◆ **TASK GOAL**
The listing below must be copied exactly and in full.

◆ **RECORDS FOR THIS EXERCISE**

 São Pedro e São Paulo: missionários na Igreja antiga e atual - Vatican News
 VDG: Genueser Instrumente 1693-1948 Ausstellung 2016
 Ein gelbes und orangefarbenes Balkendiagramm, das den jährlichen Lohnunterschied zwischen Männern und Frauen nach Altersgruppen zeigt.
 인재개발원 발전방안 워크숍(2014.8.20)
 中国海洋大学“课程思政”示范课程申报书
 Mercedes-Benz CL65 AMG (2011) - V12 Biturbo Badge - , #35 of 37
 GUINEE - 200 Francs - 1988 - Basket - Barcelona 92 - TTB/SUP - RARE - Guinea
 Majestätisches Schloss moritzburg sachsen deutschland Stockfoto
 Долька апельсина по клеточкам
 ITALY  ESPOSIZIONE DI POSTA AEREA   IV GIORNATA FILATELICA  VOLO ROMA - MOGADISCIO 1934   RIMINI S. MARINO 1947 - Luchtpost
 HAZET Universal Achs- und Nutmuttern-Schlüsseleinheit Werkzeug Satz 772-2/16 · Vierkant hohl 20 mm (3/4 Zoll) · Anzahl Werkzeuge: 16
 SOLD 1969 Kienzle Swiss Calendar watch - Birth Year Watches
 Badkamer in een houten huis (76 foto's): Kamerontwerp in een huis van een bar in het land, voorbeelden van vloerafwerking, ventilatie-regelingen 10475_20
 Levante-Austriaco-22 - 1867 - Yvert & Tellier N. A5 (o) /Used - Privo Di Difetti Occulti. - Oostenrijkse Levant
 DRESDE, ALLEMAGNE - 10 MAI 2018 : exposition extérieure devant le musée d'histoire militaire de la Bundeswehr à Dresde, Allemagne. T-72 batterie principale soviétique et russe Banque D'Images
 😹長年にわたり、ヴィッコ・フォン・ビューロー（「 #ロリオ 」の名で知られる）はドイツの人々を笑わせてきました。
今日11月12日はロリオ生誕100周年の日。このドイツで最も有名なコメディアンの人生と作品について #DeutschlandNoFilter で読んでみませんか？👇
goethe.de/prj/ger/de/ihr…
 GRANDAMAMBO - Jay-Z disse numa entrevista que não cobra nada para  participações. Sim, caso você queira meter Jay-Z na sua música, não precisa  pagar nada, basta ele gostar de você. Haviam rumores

◆ **WRITTEN RESPONSE**
 São Pedro e São Paulo: missionários na Igreja antiga e atual - Vatican News
 VDG: Genueser Instrumente 1693-1948 Ausstellung 2016
 Ein gelbes und orangefarbenes Balkendiagramm, das den jährlichen Lohnunterschied zwischen Männern und Frauen nach Altersgruppen zeigt.
 인재개발원 발전방안 워크숍(2014.8.20)
 中国海洋大学“课程思政”示范课程申报书
 Mercedes-Benz CL65 AMG (2011) - V12 Biturbo Badge - , #35 of 37
 GUINEE - 200 Francs - 1988 - Basket - Barcelona 92 - TTB/SUP - RARE - Guinea
 Majestätisches Schloss moritzburg sachsen deutschland Stockfoto
 Долька апельсина по клеточкам
 ITALY  ESPOSIZIONE DI POSTA AEREA   IV GIORNATA FILATELICA  VOLO ROMA - MOGADISCIO 1934   RIMINI S. MARINO 1947 - Luchtpost
 HAZET Universal Achs- und Nutmuttern-Schlüsseleinheit Werkzeug Satz 772-2/16 · Vierkant hohl 20 mm (3/4 Zoll) · Anzahl Werkzeuge: 16
 SOLD 1969 Kienzle Swiss Calendar watch - Birth Year Watches
 Badkamer in een houten huis (76 foto's): Kamerontwerp in een huis van een bar in het land, voorbeelden van vloerafwerking, ventilatie-regelingen 10475_20
 Levante-Austriaco-22 - 1867 - Yvert & Tellier N. A5 (o) /Used - Privo Di Difetti Occulti. - Oostenrijkse Levant
 DRESDE, ALLEMAGNE - 10 MAI 2018 : exposition extérieure devant le musée d'histoire militaire de la Bundeswehr à Dresde, Allemagne. T-72 batterie principale soviétique et russe Banque D'Images
 😹長年にわたり、ヴィッコ・フォン・ビューロー（「 #ロリオ 」の名で知られる）はドイツの人々を笑わせてきました。
今日11月12日はロリオ生誕100周年の日。このドイツで最も有名なコメディアンの人生と作品について #DeutschlandNoFilter で読んでみませんか？👇
goethe.de/prj/ger/de/ihr…
 GRANDAMAMBO - Jay-Z disse numa entrevista que não cobra nada para  participações. Sim, caso você queira meter Jay-Z na sua música, não precisa  pagar nada, basta ele gostar de você. Haviam rumores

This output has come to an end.